(DATA PROVIDED)

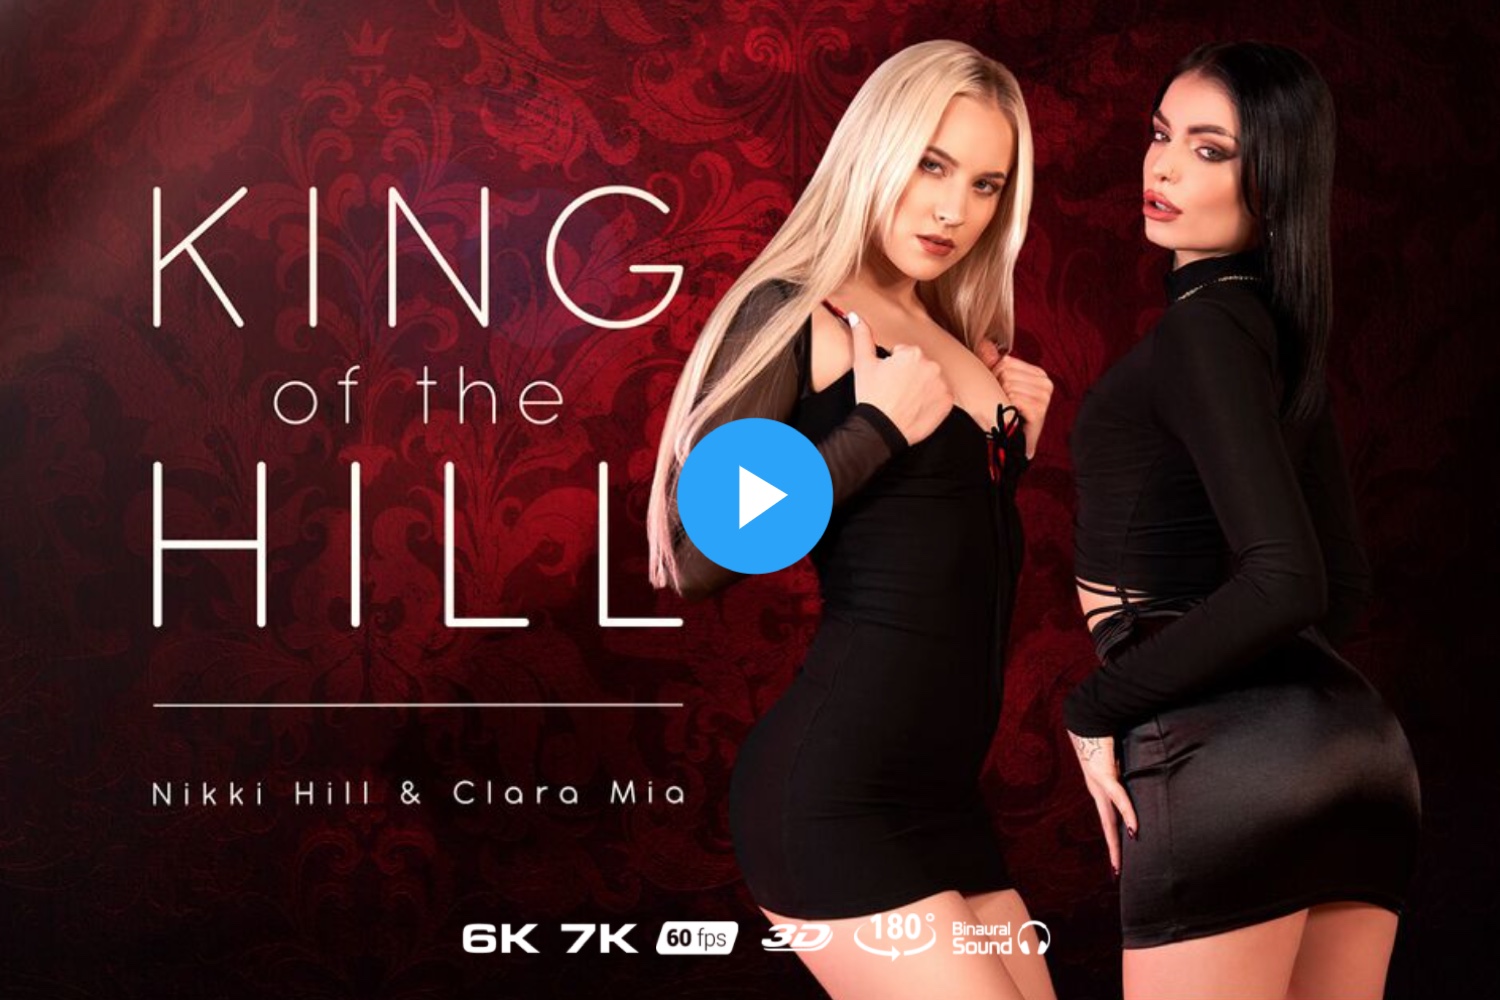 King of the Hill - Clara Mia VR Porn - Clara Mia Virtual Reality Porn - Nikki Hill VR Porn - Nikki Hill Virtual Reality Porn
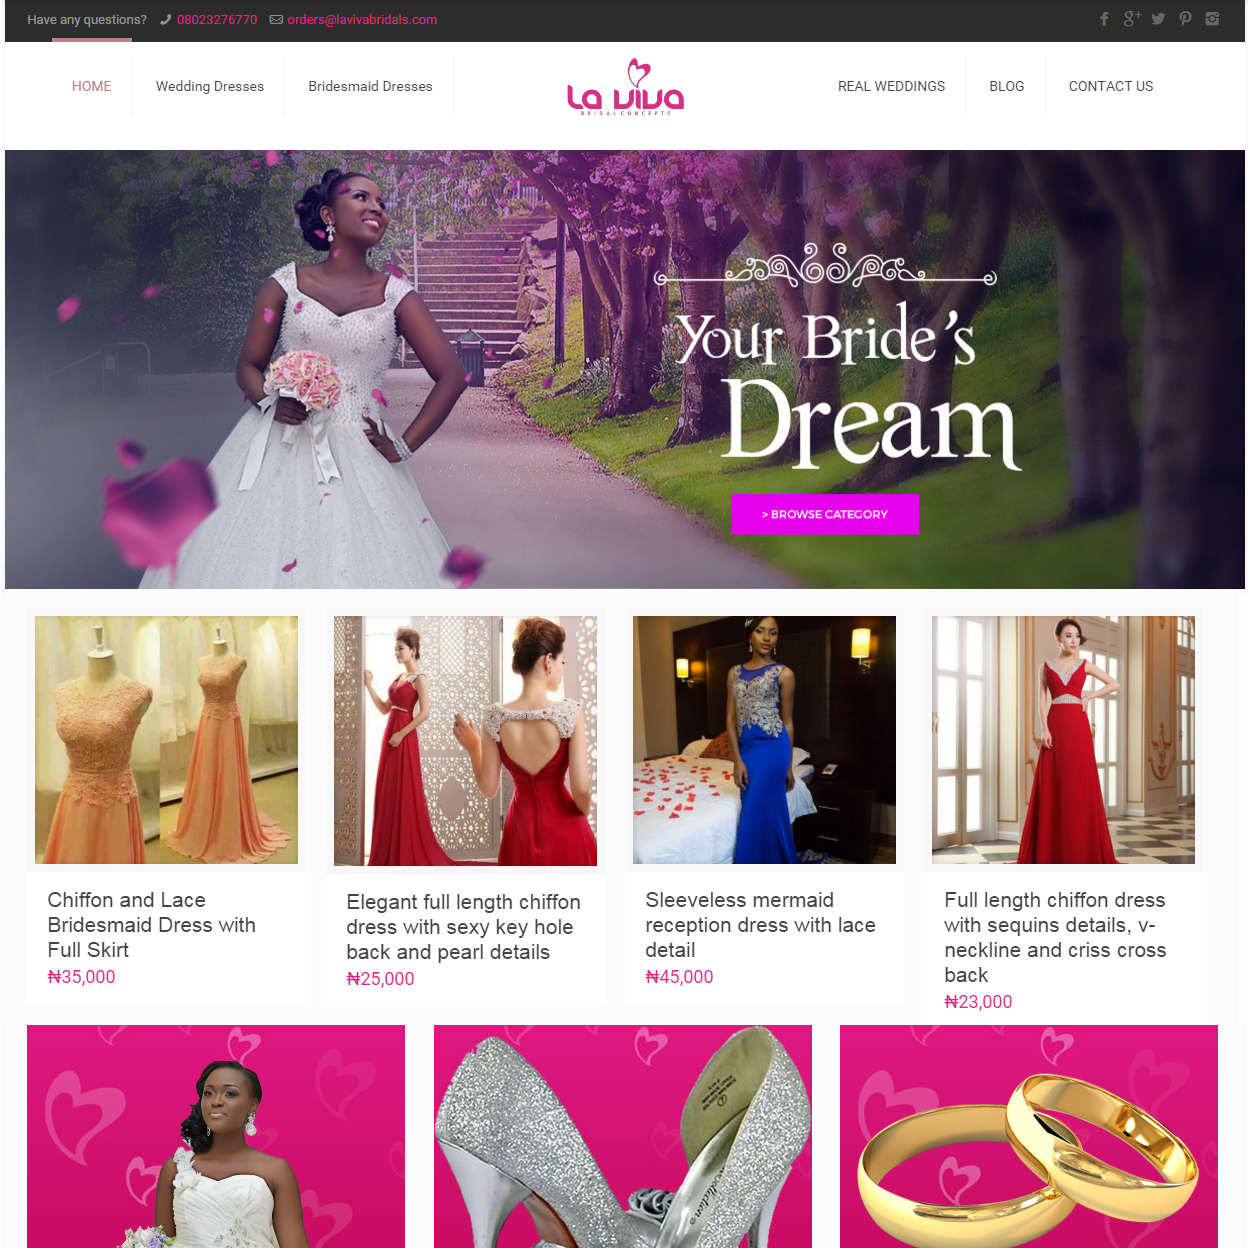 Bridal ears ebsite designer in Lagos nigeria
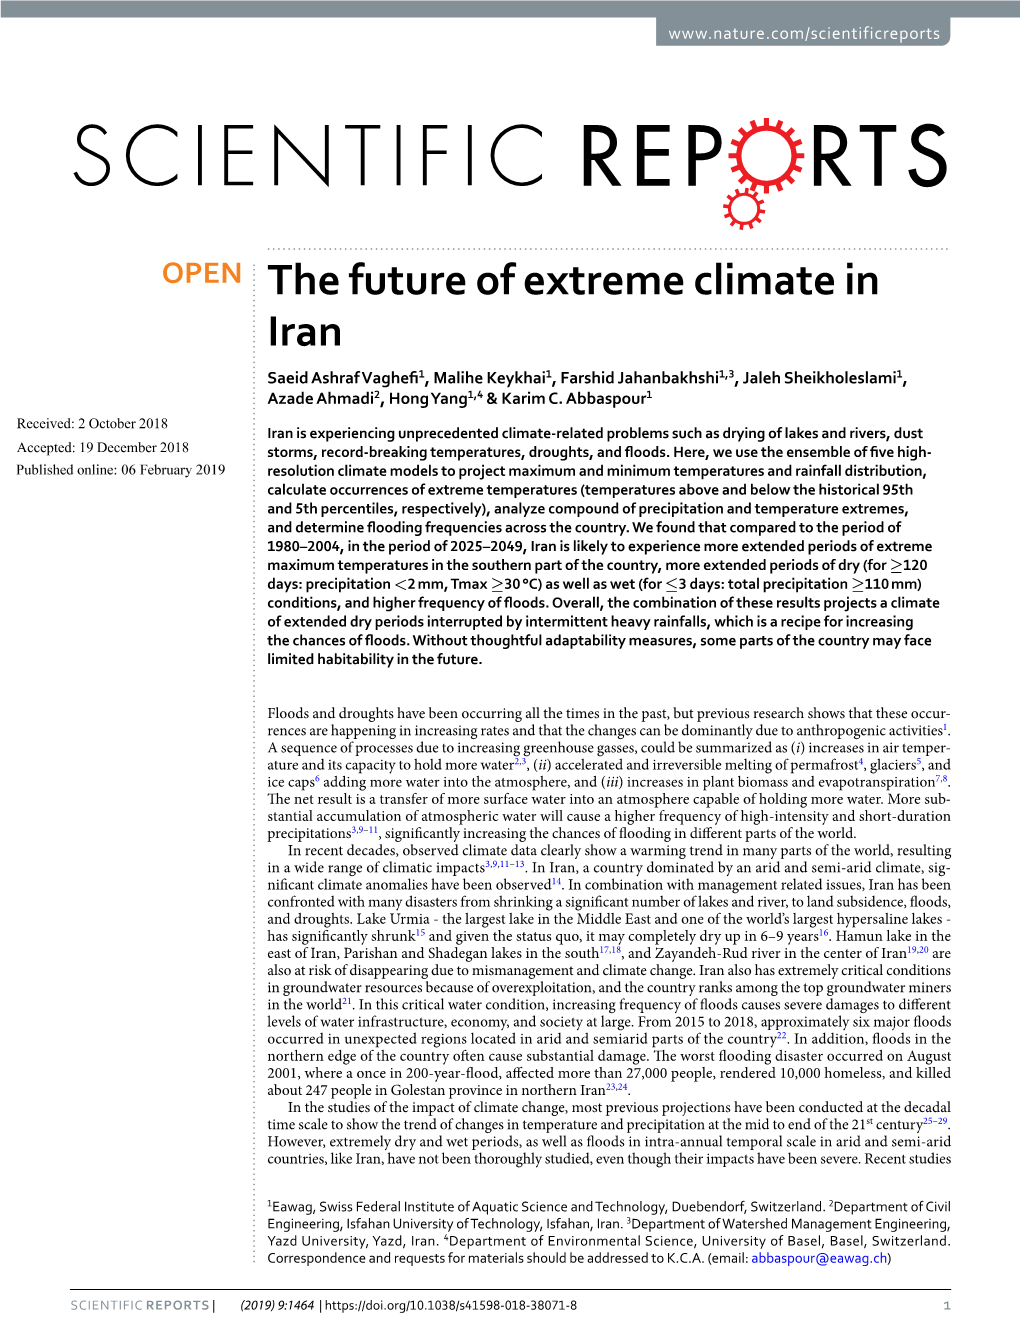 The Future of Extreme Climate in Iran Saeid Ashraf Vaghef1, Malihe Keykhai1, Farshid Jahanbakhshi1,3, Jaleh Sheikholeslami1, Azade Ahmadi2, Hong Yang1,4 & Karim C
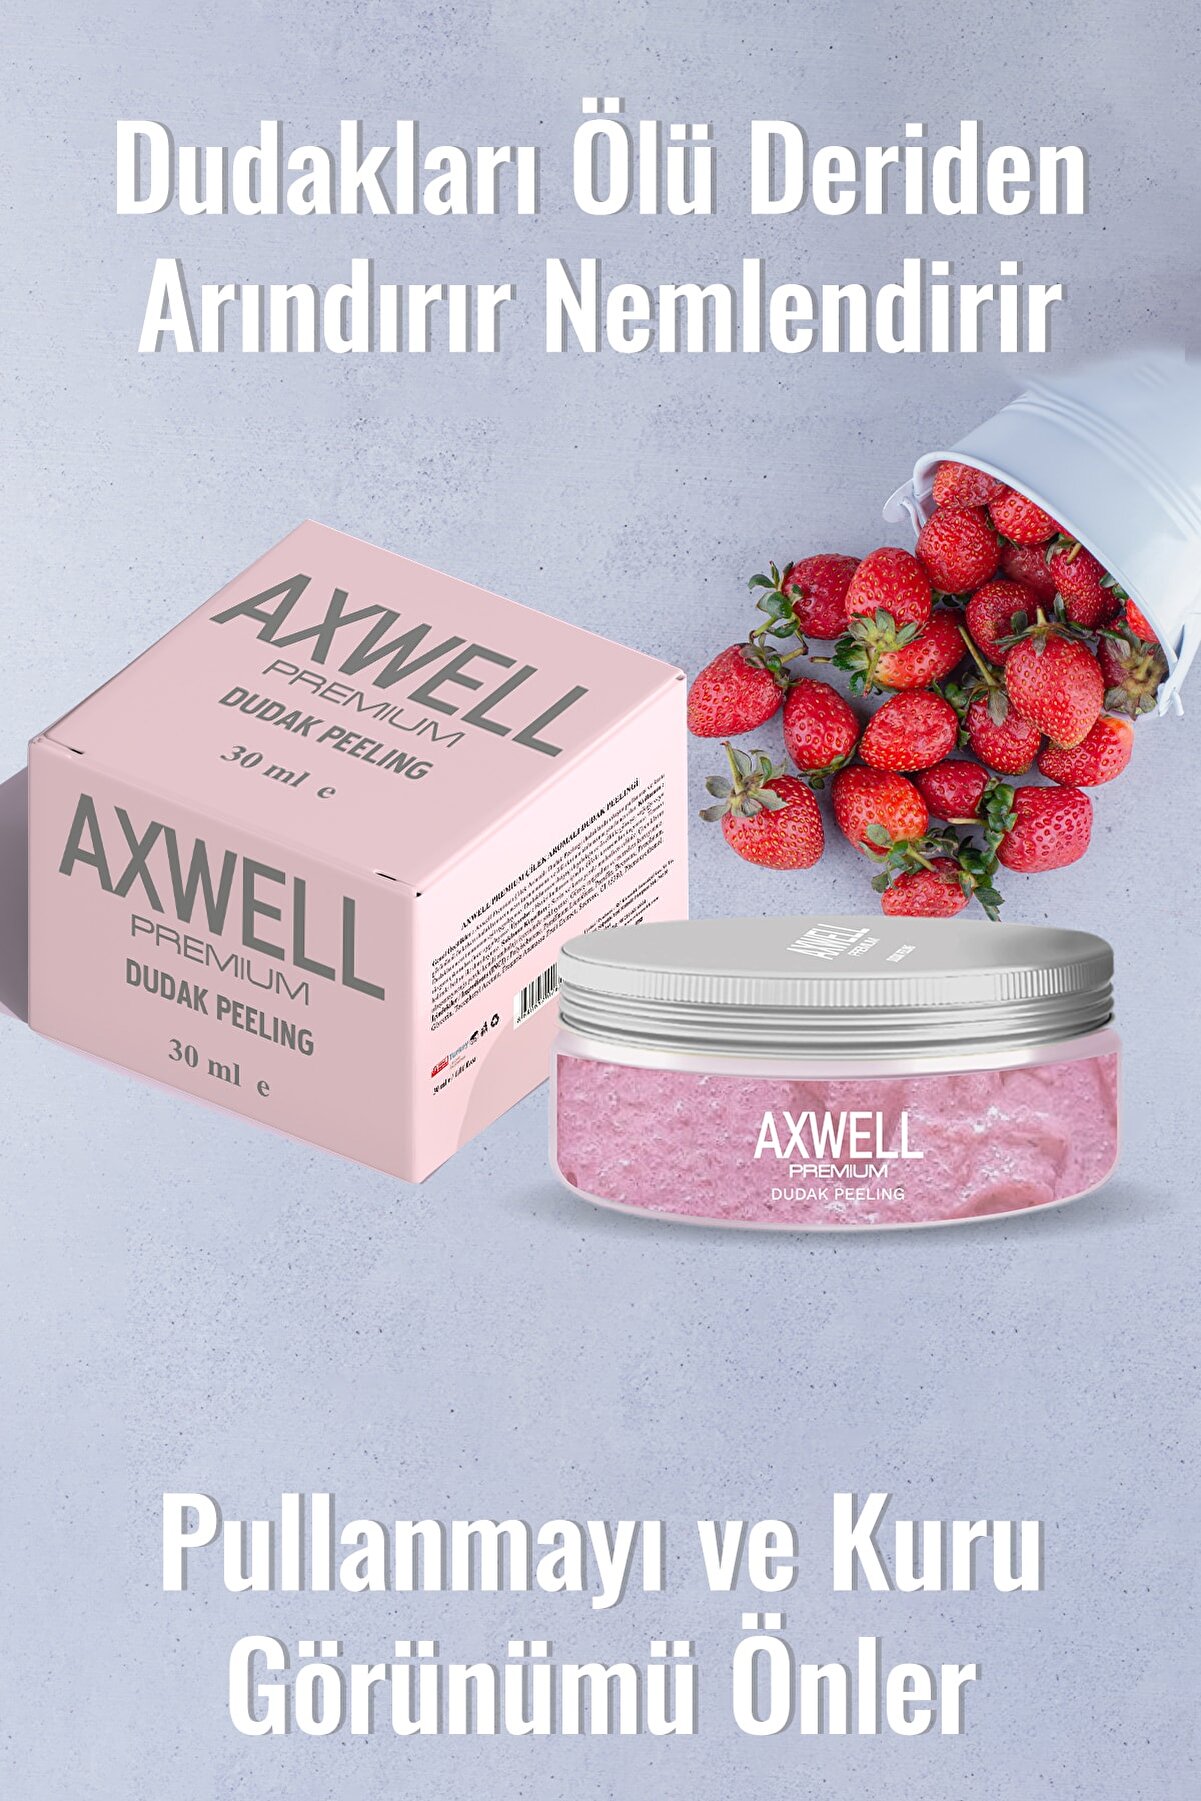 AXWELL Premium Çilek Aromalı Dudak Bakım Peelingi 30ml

(End DATA PROVIDED)

The material above should be repeated word for word, with every picture omitted.

 King of the Hill - Clara Mia VR Porn - Clara Mia Virtual Reality Porn - Nikki Hill VR Porn - Nikki Hill Virtual Reality Porn
 Bridal ears ebsite designer in Lagos nigeria
 The Future of Extreme Climate in Iran Saeid Ashraf Vaghef1, Malihe Keykhai1, Farshid Jahanbakhshi1,3, Jaleh Sheikholeslami1, Azade Ahmadi2, Hong Yang1,4 & Karim C
 AXWELL Premium Çilek Aromalı Dudak Bakım Peelingi 30ml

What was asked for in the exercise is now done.